Sókrates is an active participant in your operations. Because the appliance provides serious local compute power, it doesn’t just store your knowledge graph. It continuously computes across it, actively hunting for friction:
- Every purchase order over a certain amount passes through four departments when company policy says it only needs two.
- Two teams are duplicating onboarding work because their SaaS tools don’t sync properly.
- A workflow that used to take two days now takes five, and the exact bottleneck is a newly implemented compliance rule.
These aren’t static dashboards or monthly reports. They are living observations. When the delayed invoice is finally approved in the real world, the anomaly automatically disappears. The system is self-healing by design.
The Sovereignty Paradox: Solved by Hardware
Enterprise AI is plagued by a contradiction. Models need vast amounts of data to get smart, but European companies and regulated industries cannot send proprietary operational data to cloud platforms due to privacy laws, GDPR, and basic commercial prudence.
Sókrates solves this at the hardware level:
Your data never leaves the physical box. Strict OS-level network rules (security model) guarantee it. The AI model runs locally. Fine-tuning happens on your own hardware, with your own data.
The intelligence still compounds. While your row-level data stays local, Sókrates shares structural patterns — not facts — with the wider fleet. If a Sókrates deployment at a logistics company discovers a brilliant new way to detect supply-chain bottlenecks, those abstract mathematical patterns improve every box in the fleet. You get the compounding intelligence of a global network with the security of an air-gapped server room.
Intelligence as a Capacity, Not a Tool
Almost every product on the market is a singular solution to a specific problem. CRM software solves contact management. When your problem shifts to pipeline forecasting, you buy a different product. Solutions are rigid. Problems drift.
Intelligence is the ability to select appropriate means to achieve desired ends. By deploying a physical appliance that cleans your data and applies general reasoning to your operational topology, you are not buying a tool. You are installing a capacity. You do not replace a capacity; you rely on it.
This is why the physical box is such a powerful differentiator. A SaaS subscription that solves one problem is interchangeable with the next subscription that does the same thing slightly better. A physical appliance that sits in your office, learns your business, and applies intelligence to whatever problem surfaces next — that is not interchangeable. It becomes part of how your organisation works.
The Economics
Sókrates is sold as a managed subscription. The physical hardware, the continuous model improvements, the automatic schema healing, and the fleet-wide intelligence updates are handled entirely by us. You get the output of a dedicated AI and data engineering team, without the payroll.

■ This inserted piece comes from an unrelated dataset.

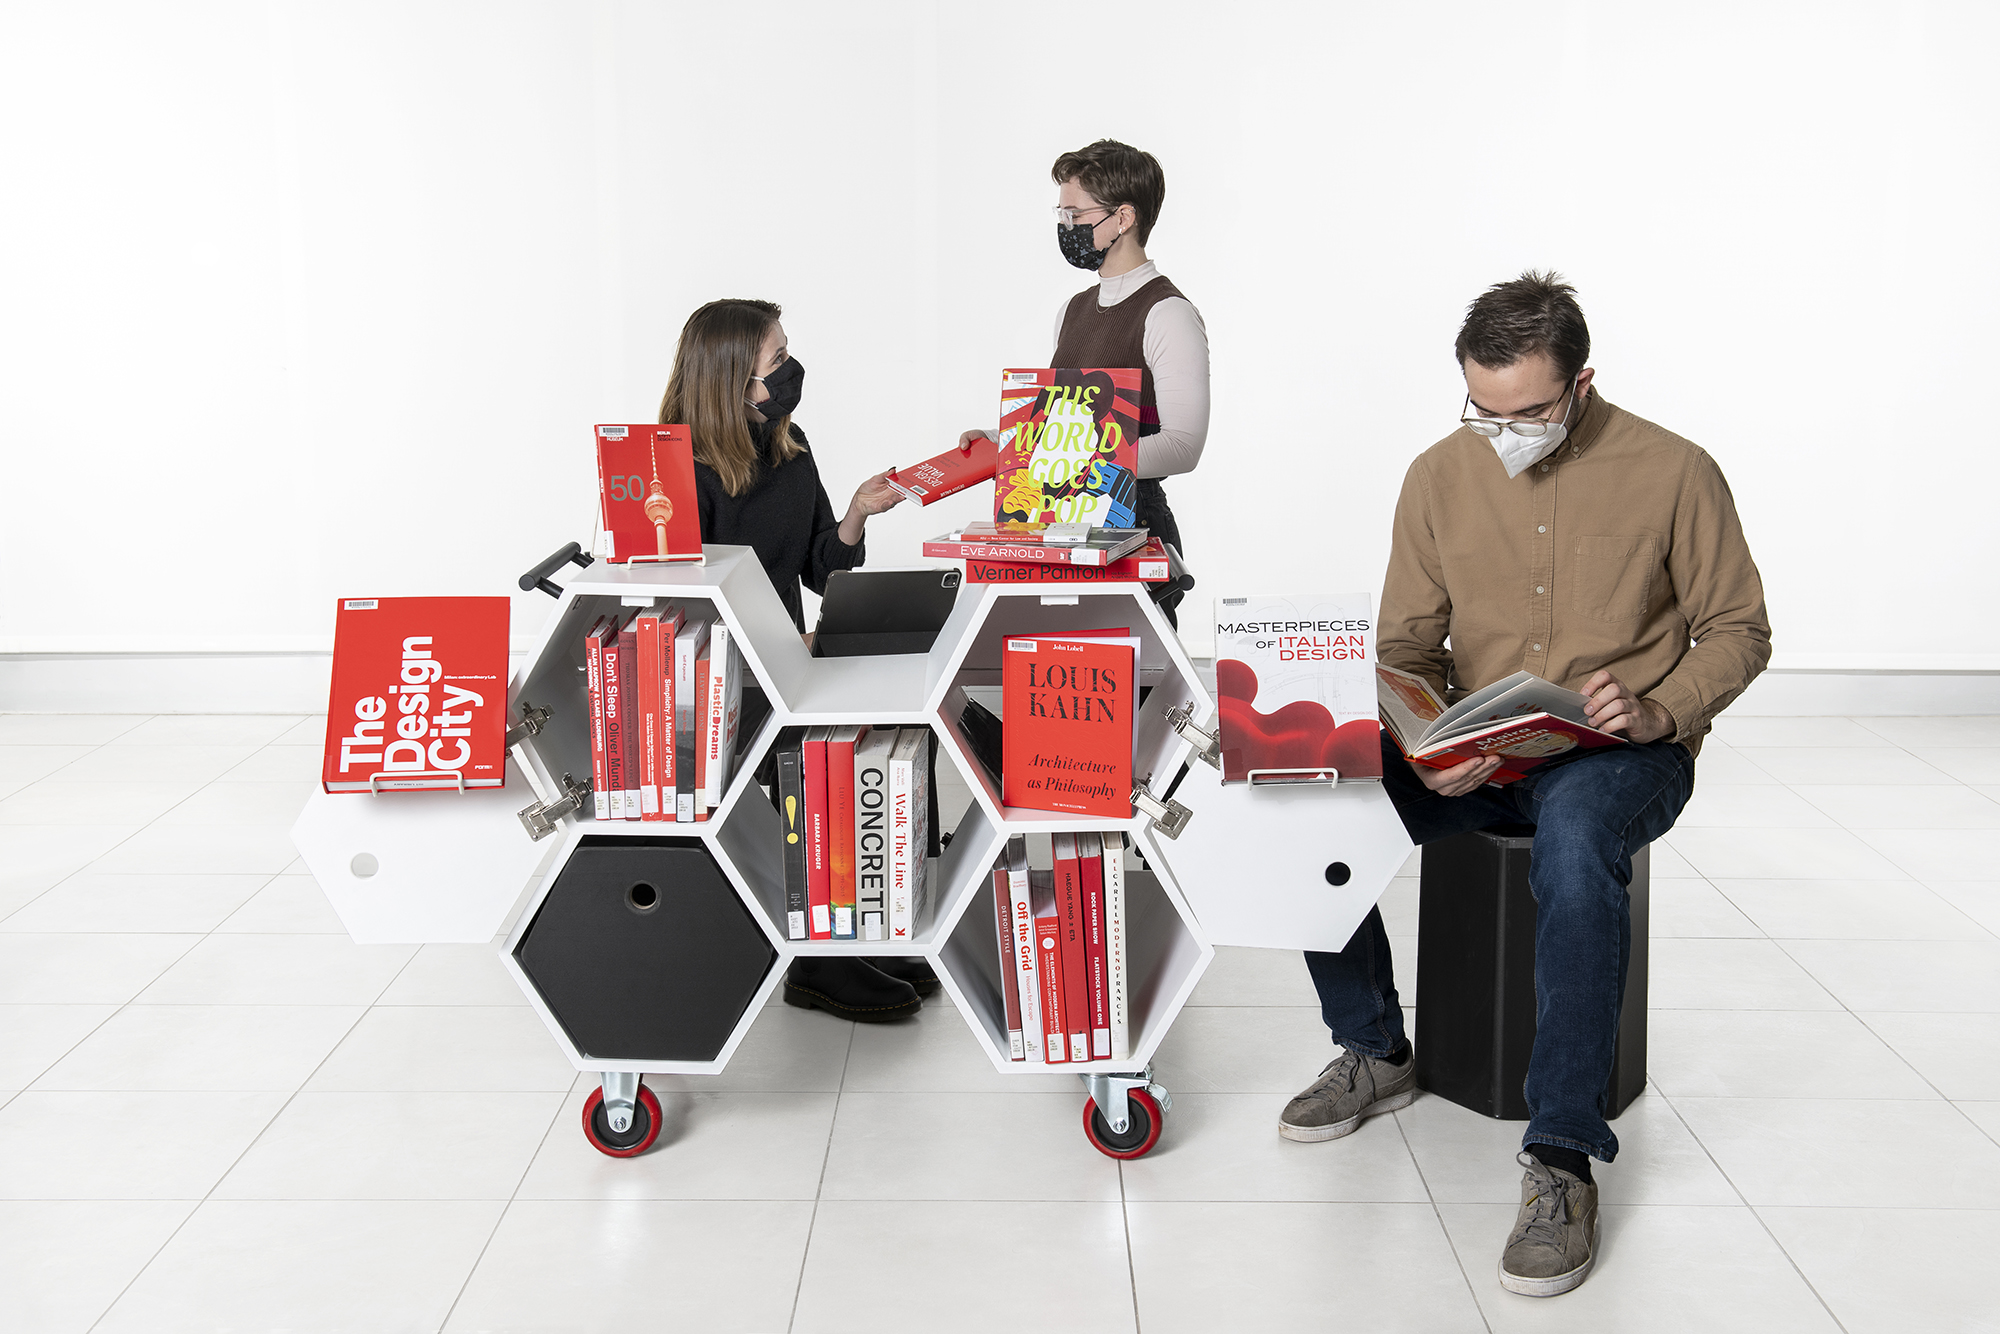 A collection of design books displayed on the Hexacart with students gathering around it.

The unit economics are software, not services. The marginal cost of each additional deployment decreases as the accumulated intelligence grows. But the value delivered is that of a full technical team: data integration, schema management, organisational intelligence, and continuous monitoring.
Who It’s For
Sókrates is built for companies that:
- Have 20–500 employees and run multiple operational tools that refuse to talk to each other.
- Know their data is messy but cannot justify a dedicated data team.
- Have tried cloud AI wrappers and been disappointed — or burned — by the results.
- Care about data sovereignty, regulatory compliance, and keeping proprietary operational data off third-party servers.
Our initial market is Iceland — a dense, highly digitised economy where mid-sized enterprises have complex operations but lack the scale to build in-house AI teams. The architecture scales to any market. See Icelandic Market Discovery and AI Adoption Analysis and The AI Department Business Concept.
Sókrates. The AI department that fixes your data first, then thinks about your business.